Over 90% of hereditary nonpolyposis colorectal cancer (HNPCC, or Lynch syndrome) patients have high microsatellite instability (MSI-H) [1,2]. As HNPCC is caused by germline mutations inherited in an autosomal dominant pattern, the mutations can be detected not only in colon but also in other tissues such as blood and cheek cells [3,4]. In this study, we investigated a microsatellite mutation of tumor suppressor Bax gene in cheek cells. Deletion or insertion of a single guanine nucleotide (G) in the Bax exon 3 microsatellite track results in reading frameshift and premature termination in the Bax transcript, leading to a “Bax-negative” phenotype [5]. Recently, we found that some “Bax-negative” MSI tumor cells contain a functional Bax isoform, BaxΔ2, which is generated when a unique alternative splicing “salvages” the microsatellite frameshift mutation [6]. Therefore, BaxΔ2 can be produced in the Bax microsatellite-mutated cells. Interestingly, BaxΔ2 promotes cell death through the non-canonical mitochondrial pathway and sensitizes cancer cells to selective chemotherapeutics [7]. Currently, detection of MSI mutations relies primarily on analysis of clinical biopsy samples. The detection of Bax microsatellite mutations and BaxΔ2 protein expression in human cheek cells may provide a simple, sensitive and non-invasive screening for potential diagnosis and treatment of a subgroup of MSI colorectal cancer patients.

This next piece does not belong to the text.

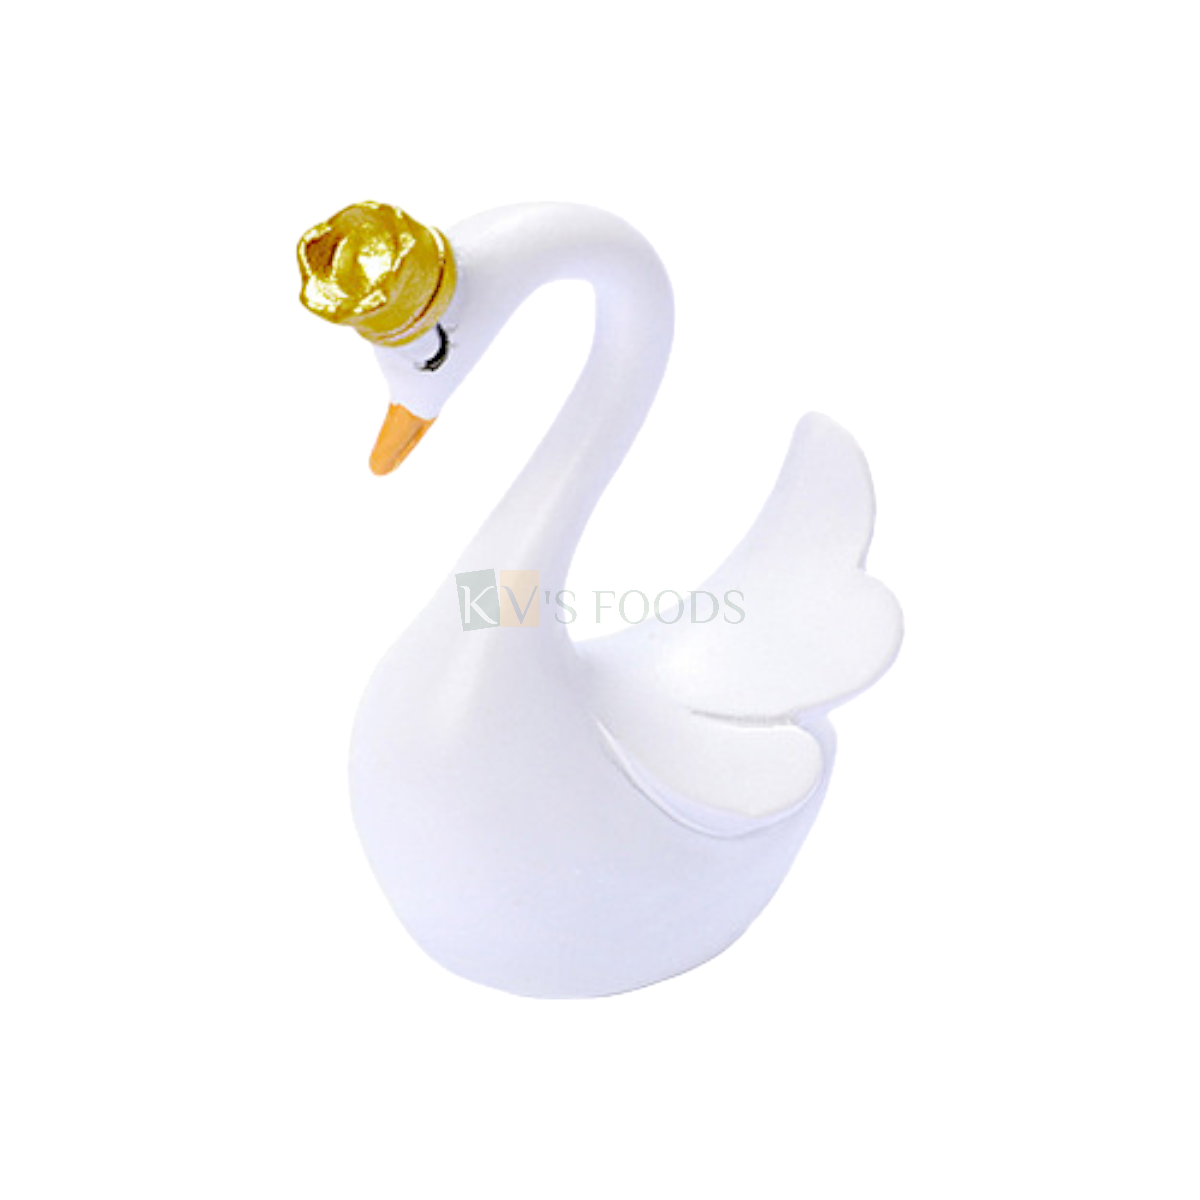 1PC White Swan Animal Small Statue Miniature Figurines Cake Toppers with Golden Crown, Doll Cake Ornaments, Happy Birthday Theme Home Decor, Swan Model Fairy Garden Landscape DIY Cake Decorations

Human buccal cells were collected through mouth-wash and all experiments were performed with Institutional Review Board (IRB) approval. Cells were collected from two control-individuals with no cancer history (denoted Control-1 and Control-2) and another two individuals from a family with HNPCC history (Patient-1 and Patient-2). Genomic DNA was isolated from their buccal cells and Bax microsatellite status was determined by PCR with Bax specific primers and sequenced as described previously [6]. The representative sequence results from two individuals are shown in (Figure 1A) (Control-1, left panel; Patient-1, right panel). The homogenous wild type Bax microsatellite sequence containing eight guanines (G8) was detected in both control samples, while heterogeneous Bax (G7, G8) was detected in both patient samples, consistent with the corresponding individuals’ clinical history.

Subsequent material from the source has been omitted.